There was a guy who bogeyed the first hole, and went ahead and teed off from 2 before the rest of the group cleared the 1st green.  (breach of protocol there, to be sure.)  he hit the tee shot that no one saw from the whites, not the blues.  he called the two shot penalty on himself and missed the team by a shot.

The moral of the story:  No one remembers who was on that year’s Cities team.  Twenty years later, everyone remembers [redacted] as a man of the highest integrity.

Golf is a gentleman’s game.  

To some, this is a quaint and archaic notion.

To the rest of us, it’s the single most important facet of the game.  We all know that executing a high draw on a drive demonstrates skill.  You got a knock-down 7-iron that you can hit into the wind?  Awesome.  But the most important trait you can bring to your game, the primary way you will be remembered by your playing partners:  are you a gentleman?

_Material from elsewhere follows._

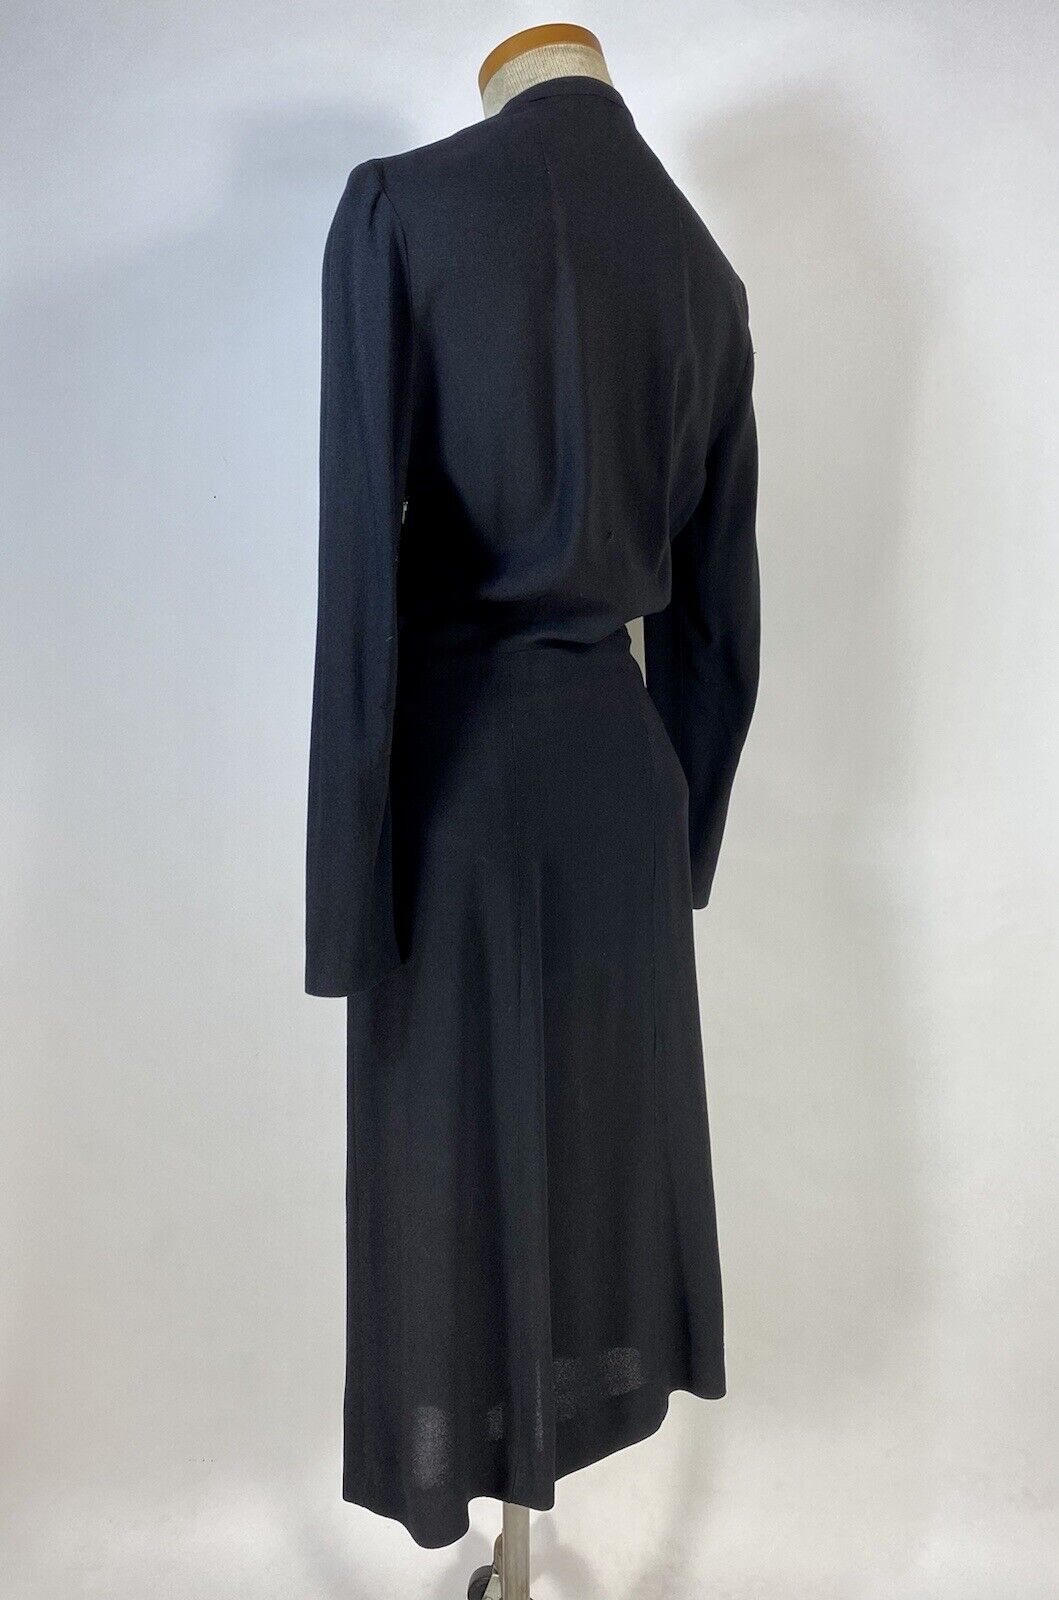 Vintage 1940's black wool crepe dress with neckli… - image 4
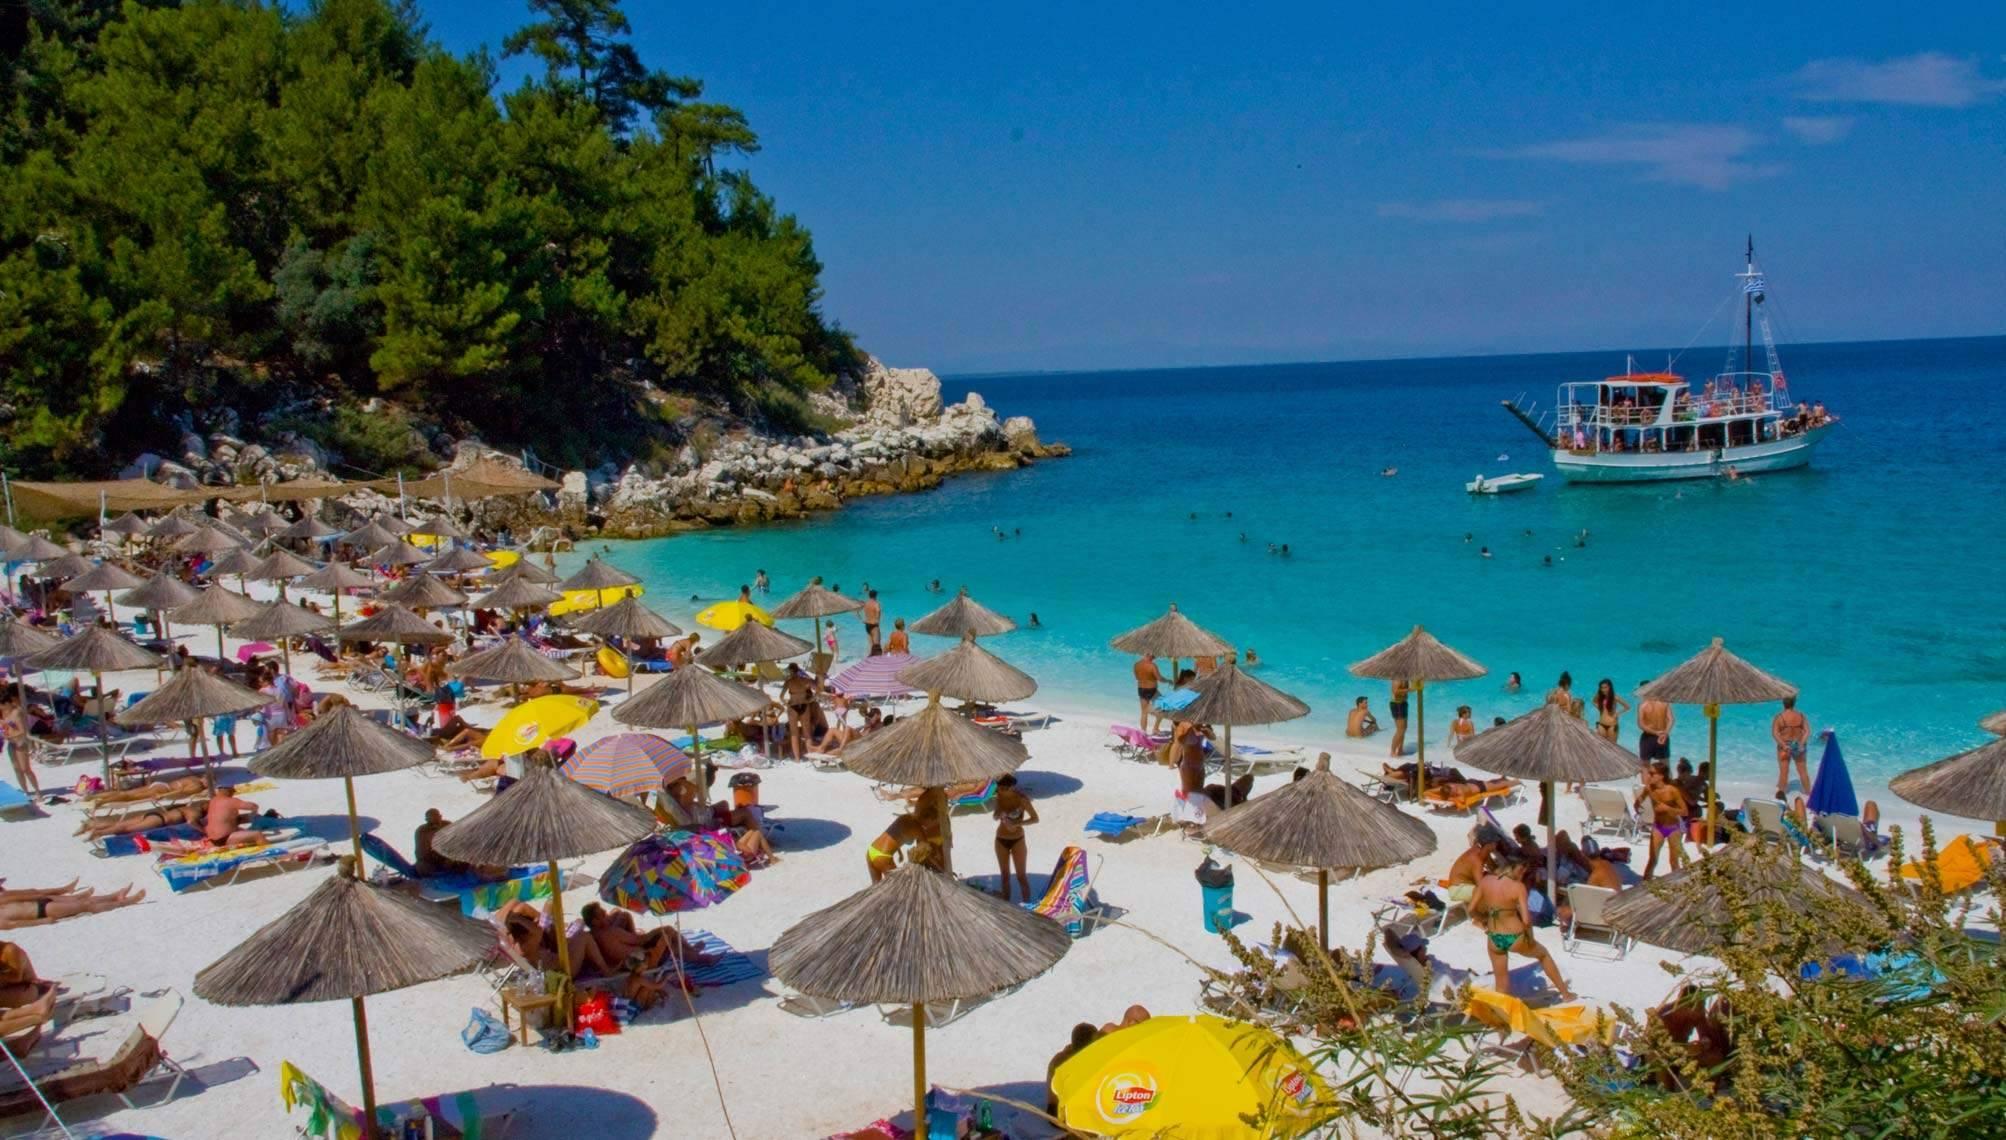 H Παραλία Σαλιάρα στη Θάσο πολλές ομπρέλες στην ακτή και ένα τουριστικό καραβάκι στη θάλασσα

Not a fun guy to play with and…

Abiding by the rules of golf is just the ante, should be a given.  This concept extends to how you comport yourself on the course.  Have you ever played with the club-thrower?  The yeller?  The sulker?  Did you like it?  Do you remember that guy’s 20 foot birdie putt or that you never wanted to play with him again?

Golf is not about golf.

Golf is a measure of your personality.  Of your maturity.  Of your grace under pressure.  Of your class.


This brings us to Tiger.  I went back and forth with friend (and true golfer) @art_brosef Friday on this.  Tiger had air-mailed the stick on 10 by maybe ten feet and he did his, ‘Oh TIGER’ self-flagellation that we’ve seen, now, for 20 years.  I mean we let it go in his teens, his 20s.  But cripes, he’s a 37-year-old grown man now.  STOP ACTING LIKE A CHILD.  It’s unpleasant to play with such a person.  Such a person is demonstrating a consuming self-absorption and in so doing a disregard for his playing partners.

… it’s gone on long enough. 37 years old.

Tiger has had this problem brought to his attention before; Tiger has said he would fix it.  He hasn’t.  As he gets older, it becomes more notably childish.  In fact, my immediate reaction to Tiger’s flagpole shot was that the golf gods are tending to this recurring self-moderation problem.

People who don’t play golf simply don’t understand that golfers who display such behavior on the course are known by another, more informal term:  asshole.

People who don’t play golf don’t understand that it’s possible to separate appreciation of a player’s skill from a frank assessment of the person’s character.  This has nothing at all to do with off-course stuff.  But yet, your on-course comportment is a view into your soul.  It’s important. People remember.

“We play the ball where it lies.”

Don’t think people remember?  Well that Cities story above lives on at Vesper to this day, twenty years later.  But for more proof let’s wrap this with Alistair Cooke’s comments about Bobby Jones in 1972.

His grace, on and off the course, made him the idol of two continents.  And that to people who didn’t know a putter from a stair-rod.  But his universal appeal was not as a golfer.  What then?  The word that comes to mind is a dying word.  Gentleman.  And I think that Jones embodied it.  And I would say it is a combination of goodness and grace.  Unwavering courtesy.  Self-deprecation.  Consideration for other people.  And THIS allied to complete supremacy in one sport is what made him a hero in Scotland and England as much as in his native Georgia.